P aula war jetzt seit zehn Tagen in ihr Zelt eingesperrt und durfte es nur verlassen, um sich – unter Bewachung – zu erleichtern. Dreimal am Tag wurde ihr Nirina weggenommen und gefüttert, Paula jedoch bekam seit drei Tagen nur noch traditionelles Reiswasser zu trinken, das ihr Rakotovao persönlich überreichte. Sie hatte weder von Noria noch von Morten oder Villeneuve etwas gehört, und keine ihrer verzweifelten Fragen wurde von Rakotovao beantwortet.
Ich muss hier raus, muss flüchten, überlegte Paula schon zum tausendsten Mal. Aber es gab kein Entrinnen. Rund um ihr Zelt standen junge Männer mit Speeren, die schon unruhig wurden, wenn sie nur ihren Kopf aus dem Zelt streckte.
Sie hatte von dem unglaublichen Hunger ständig Kopf schmerzen, die Narbe auf ihrer Bauchdecke war wieder angeschwollen, die Haut drum herum war verhärtet, und jede Bewegung verursachte stechende Schmerzen, aber das alles war nichts gegen ihre Wut, die sie von innen auffraß. Manchmal spürte sie großen Zorn auf ihre Großmutter. Das Land war nicht ihr Land, die Vanilleplantage war eine Schimäre, und die Suche nach Mathildes großartigem Rezept hatte sie in Todesgefahr gebracht. Sie versuchte ihre brennende Wut zu zügeln, sie wollte stark sein und verbat sich die Frage: Stark sein – für was denn?

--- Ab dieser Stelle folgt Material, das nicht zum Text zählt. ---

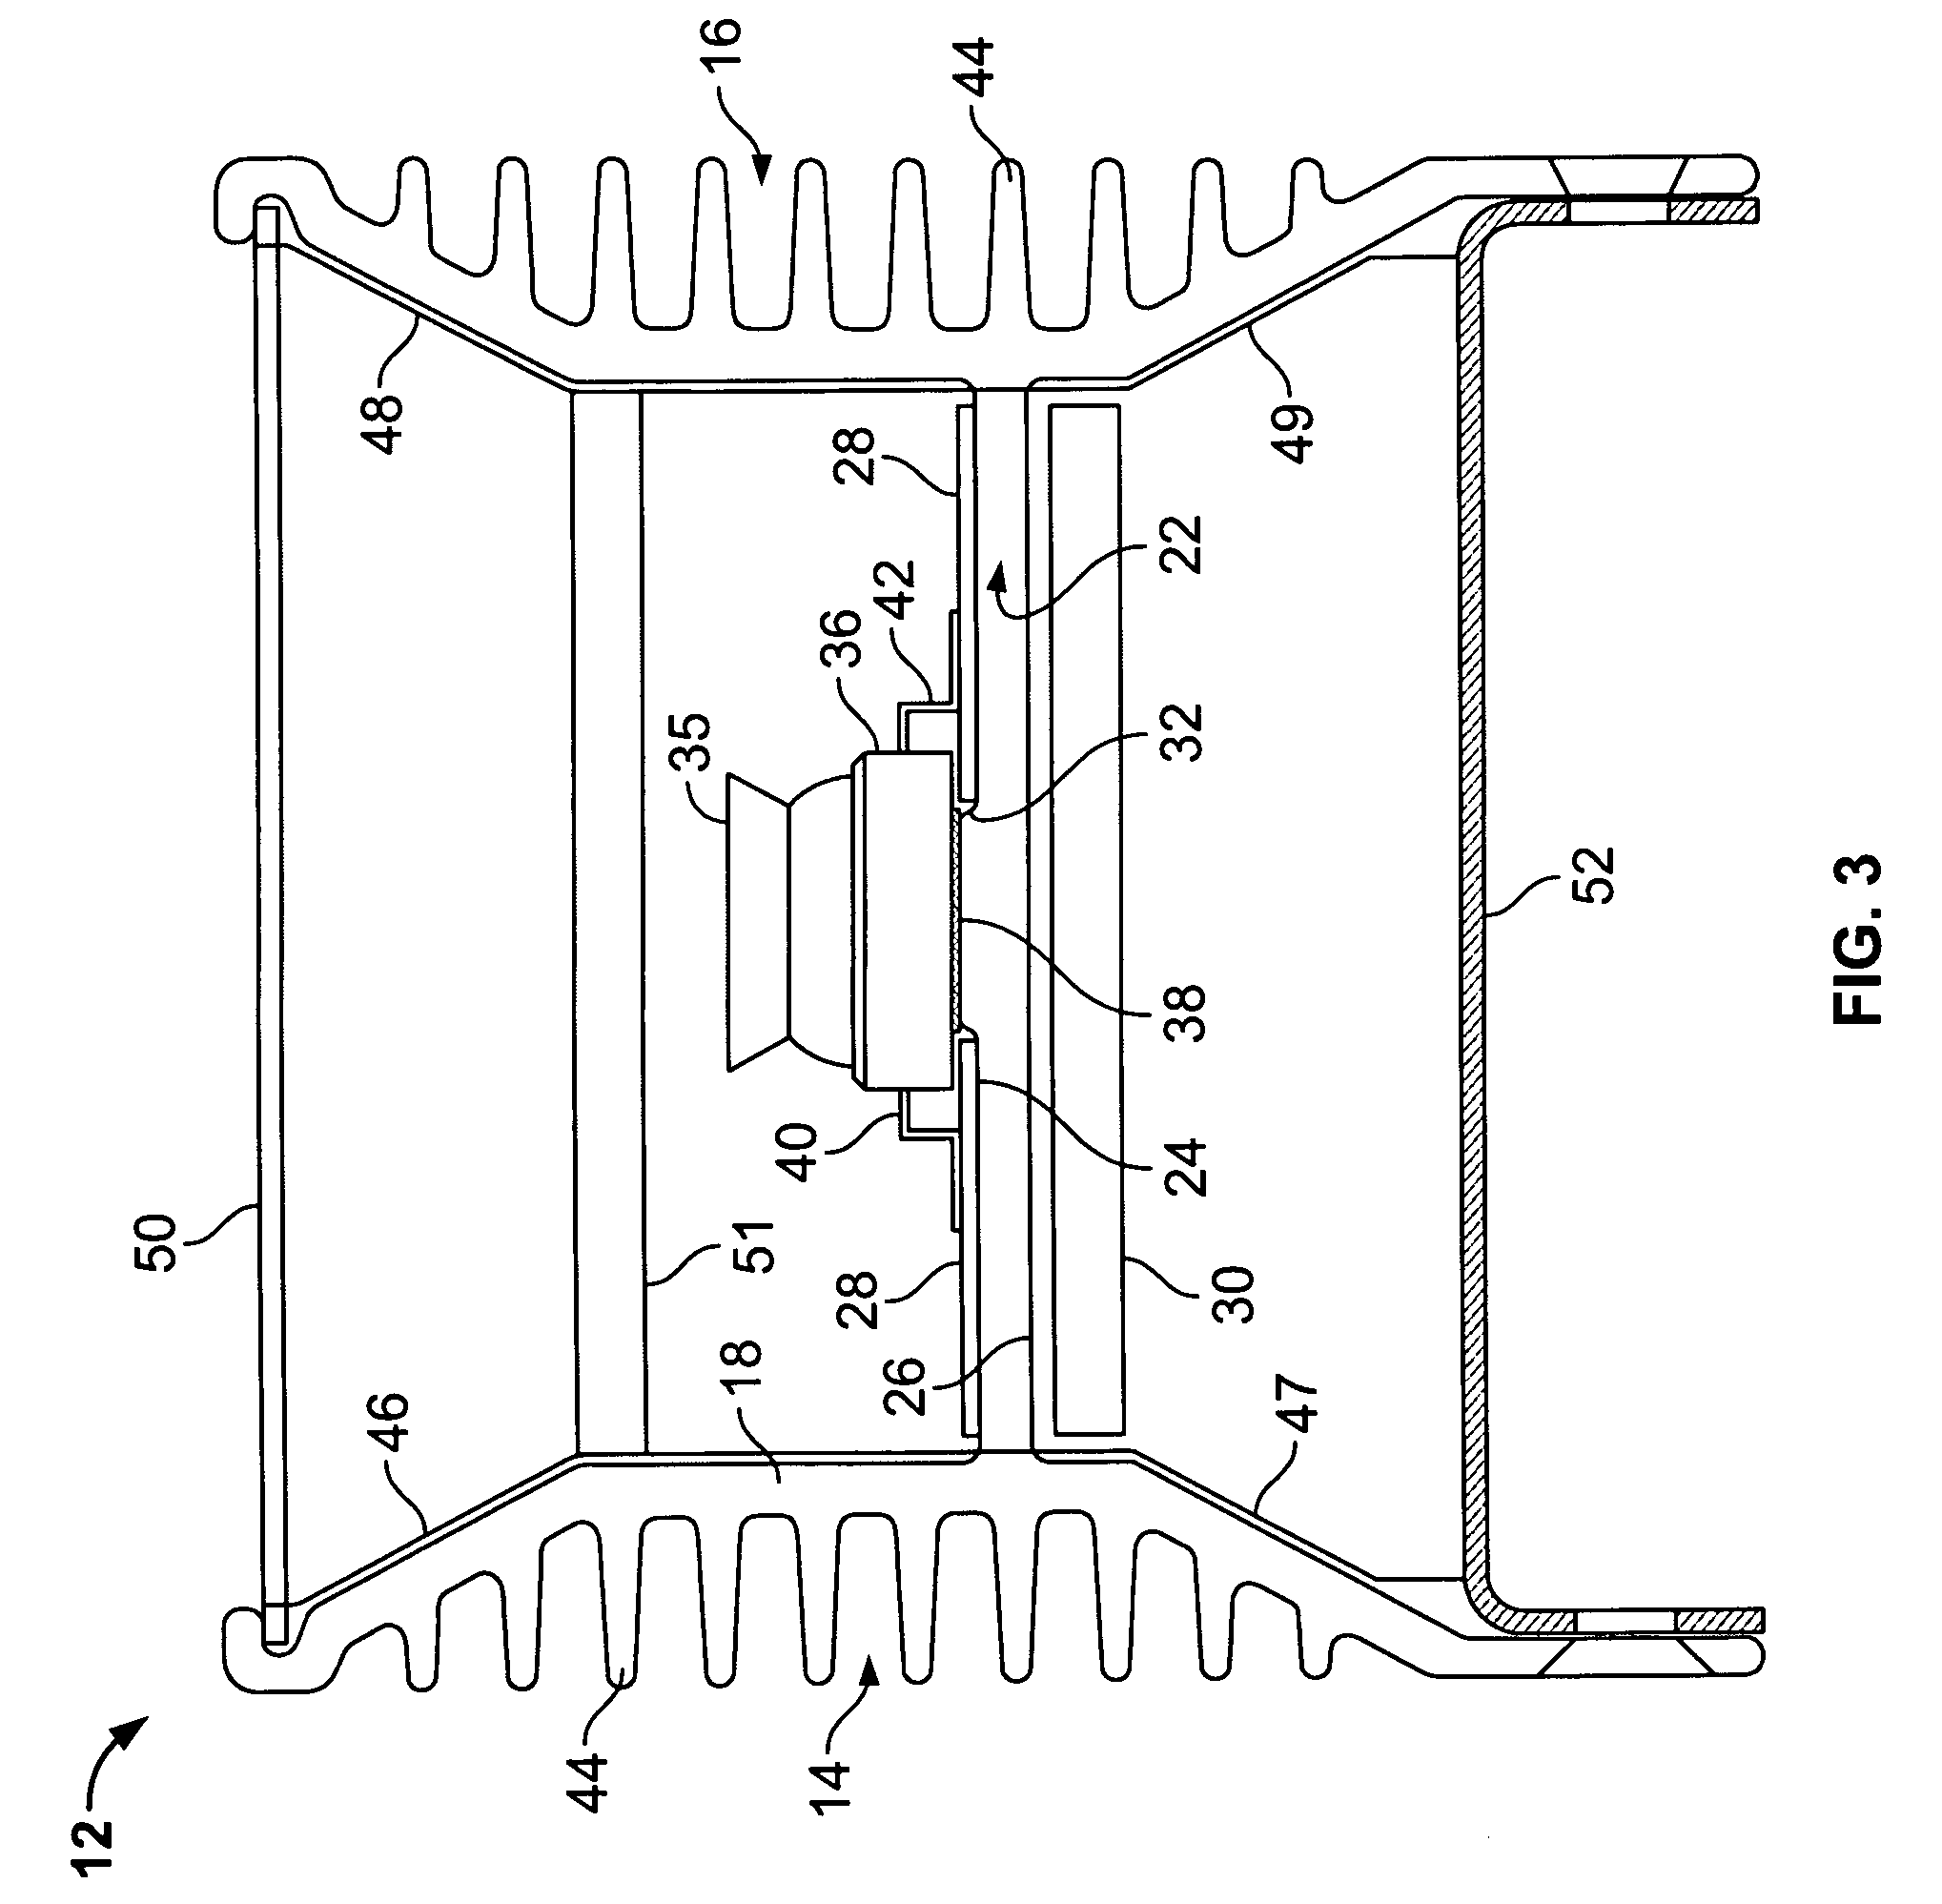 Light fixture for an LED-based aircraft lighting system
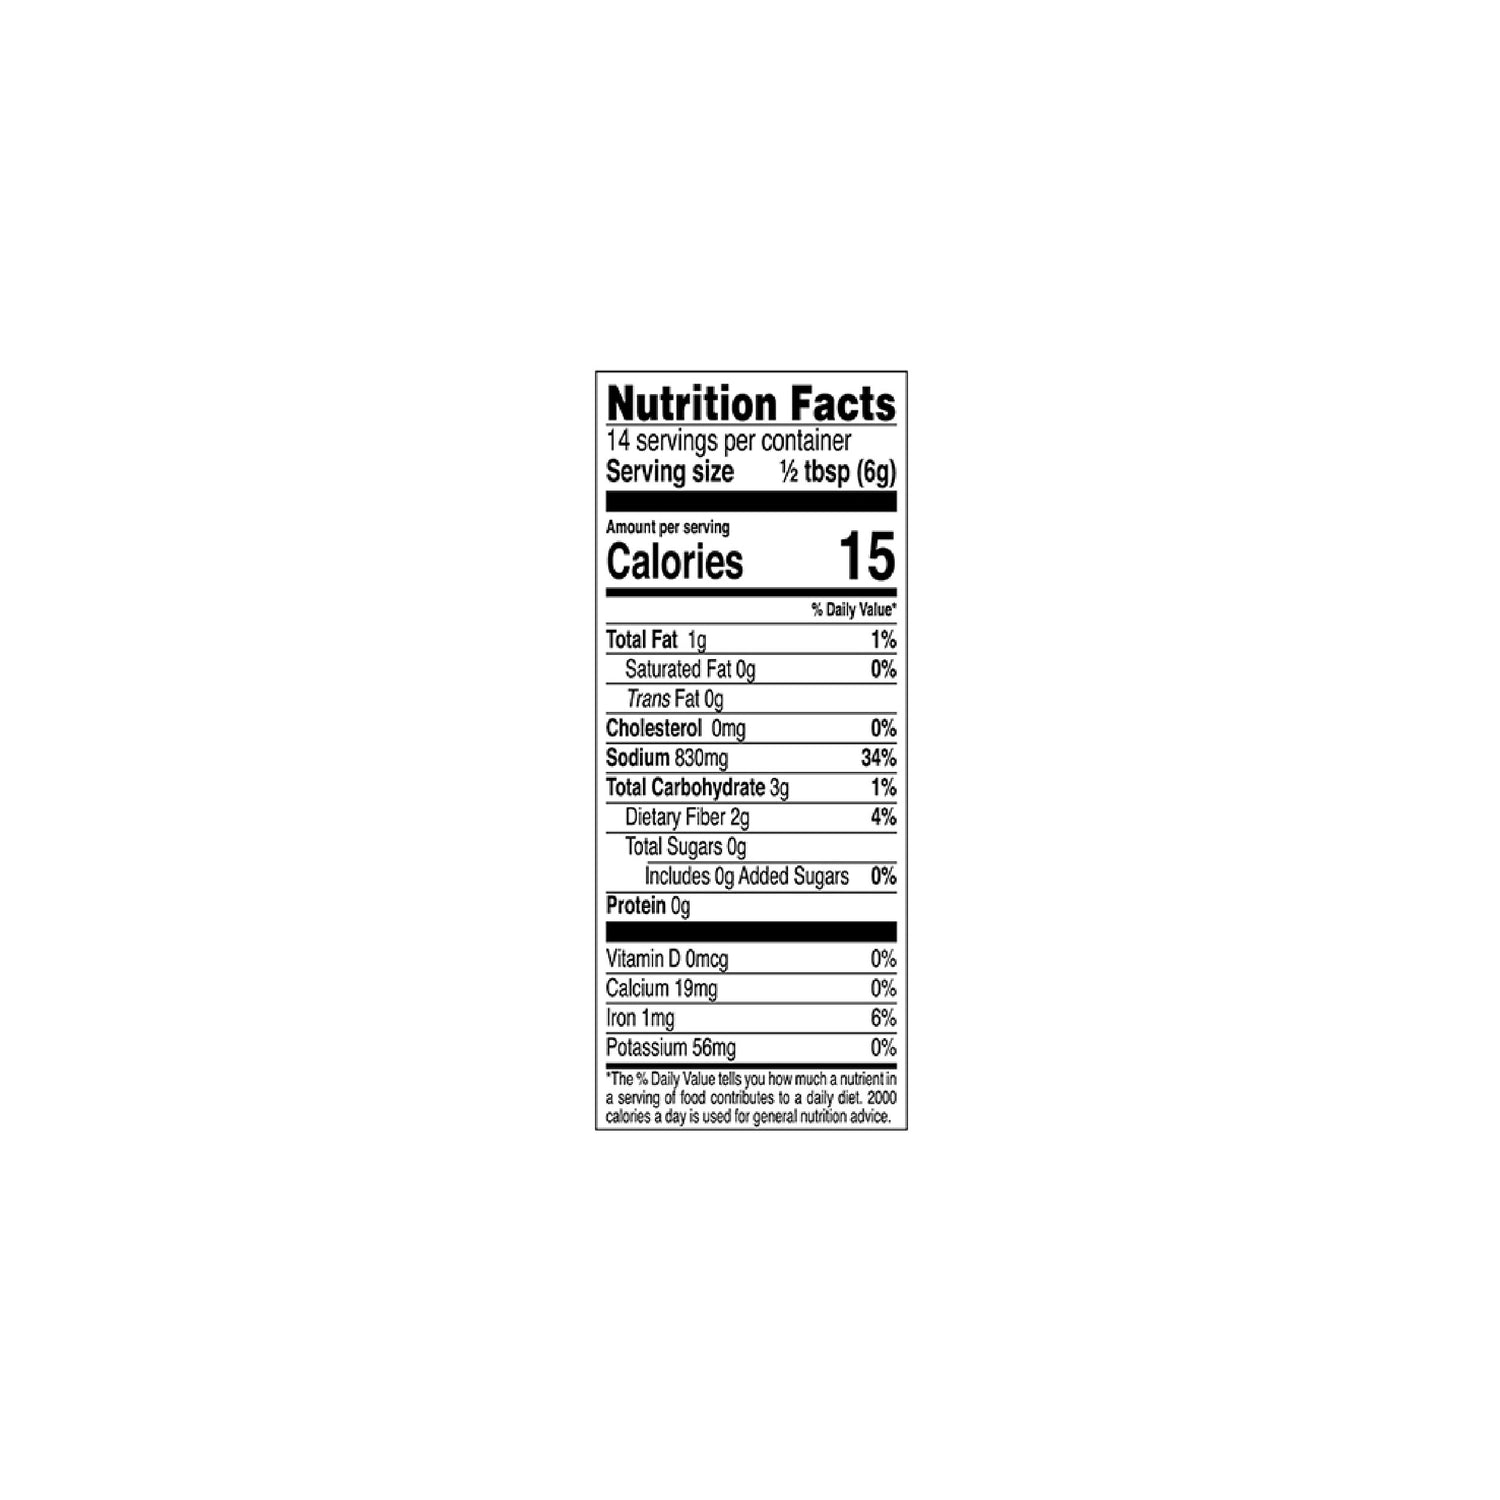 Nutritional facts National Quorma Masala

Sie sang immer wieder, in einer Art komischem Trotz, das Kuckuckslied, bis sie heiser war, und sie versuchte sich an die Lieblingsgedichte ihres Bruders zu erinnern. Wer die Schönheit angeschaut mit Augen … Zum Glück hatte man ihr das Papier und die Bleistifte gelassen, und sie schrieb alles auf, was ihr durch den Kopf ging. Manchmal wachte sie nachts von einem leisen Rascheln auf, und jedes Mal hatte sie die Hoffnung, es wäre einer ihrer Reisegefährten, der gekommen war, um ihr zu helfen, aber es war immer nur der kleine Lemur, der sie mit seinen großen Augen anstarrte, als wollte er ihr etwas sagen, und dann wieder verschwand. Sie wunderte sich, dass keine ihrer Wachen auf das Tier reagierte, und kam schließlich zu dem Schluss, dass sie geträumt haben musste.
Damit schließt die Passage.